For the human organism, water is essential for life. Furthermore, it is the component which exists in highest quantities in the body: there isn’t a single system within the human body that doesn’t directly depend on water, it is therefore perfectly obvious why maintaining correct hydration levels is essential for good health.

The water within our body is partially lost and consumed every day (through our urine, faeces, perspiration and breath), it must therefore be continually replenished.

The elderly and younger children are most at risk of dehydration, much like those who tend not to drink very much, due to the fact that they don’t often feel thirsty.

A number of nutrition experts have decided to publish an innovative pyramid, aimed at providing information on correct hydration to the healthy adult Italian population. Let’s take a closer look!

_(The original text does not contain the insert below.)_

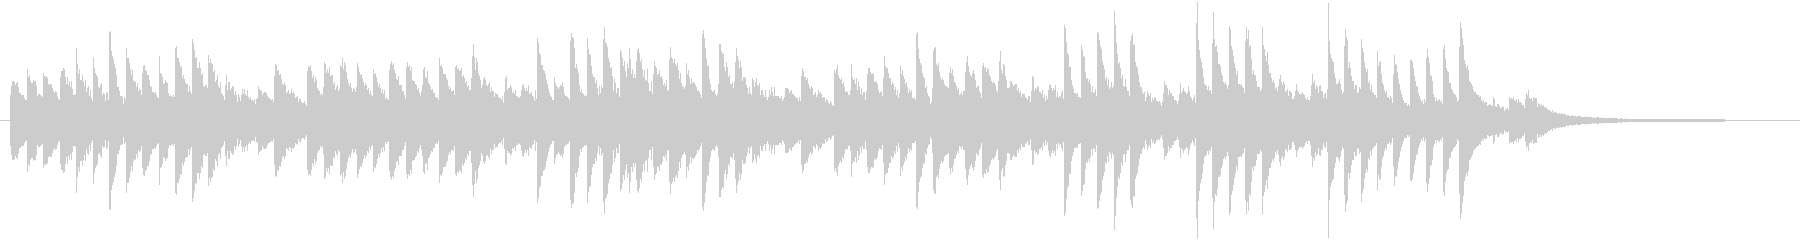 童謡・うれしいひなまつりピアノBGM①の未再生の波形

“Naturally, water is at the base of the pyramid: out of at least 1.5-2 litres of liquid, it is suggested that we drink 5 glasses of water (of 200 ml each), this is necessary, on average, for maintaining the physiological water balance.”

The water balance must be maintained by drinking mainly water, either tap or bottled, both of which are safe and regulated.

Water doesn’t contain any calories, and any short-term variation in body weight, due to excess loss or retention of water, is false and momentary.

It is not true that sparkling water is harmful to health. It is only when the quantity of gas is very high that minor issues might occur in those who already suffer from gastric or intestinal problems.

“Tea, decaffeinated coffee, barley coffee, infusions and herbal teas, are found on the 2nd level and can make up the remaining quota of liquids for the day (from 0 to 3 glasses).”

For those who love to sweeten their drinks, be careful not to add too much sugar and honey: choose blends that you already find enjoyable to drink, and train your taste buds to appreciate these drinks without adding any sweeteners.

“Milk, pressed vegetable juice, freshly squeezed fruit juice and fruit juice (containing 100% fruit) are situated on the 3rd level, with a suggested intake of 0-2 glasses.”

Milk and drinks based on soya, oats, etc. can be consumed without adding sugar, since our palate already perceives them as being sweet.

However, be careful with industrial fruit juice: with a little bit of organisation you can easily substitute it with freshly squeezed juice prepared at home, which is much healthier and tastier.

“On the 4th level we find all the other types of “juices”, with a suggested intake of 0-1 glasses, or 0-1 cans of non-alcoholic beer”.

Remember that labels such as “with pulp”, “made with fruit juice”, often hide the fact that there is a low percentage of fruit and high levels of sugar, so be sure to read the labels carefully, and don’t be seduced by the captivating images that often appeal to us while we are shopping.

“It is only on the 5th level that coffee appears (both espresso and filter): preferably consumed without sugar, with an intake of between 0 and 5 small cups (equivalent to 0-200 ml) but ensuring that any other sources of caffeine consumed during the day are taken into consideration (energy or cola flavoured drinks, chocolate).”

Excessive caffeine consumption has negative implications for our health, increasing the probability of a number of health issues, for example, osteoporosis.

It is therefore essential to limit the consumption of these drinks, this is especially the case for the younger generations who are often more likely to drink them too much.

“The pyramid has a 6th level for sports drinks formulated for rehydration either before or after intense physical activity, containing various types of sugars and electrolytes, as well as flavourings and colourings to appeal to those who don’t like good old water”.

During moderate physical activity, the majority of people lose around 1-2 litres of sweat per hour, but in some cases it can be as much as 4-6 litres/hour.

A 1% loss in body weight during sporting activity can lead to a 5% drop in physical performance, and an even greater loss that is not adequately compensated for, can leave the person open to life-threatening conditions (hyperthermia, heatstroke).

“Finally, at the tip of the pyramid we find those drinks which, for various reasons, should only be consumed occasionally: soft drinks, energy drinks (energy and sports drinks can be dangerous if consumed regularly and excessively by young people), cordials and highly-sweetened soft drinks”.

This final level includes all those drinks that contain a high percentage of sugars, those which are contributing to increased levels of diabetes and obesity in people that consume them frequently and daily.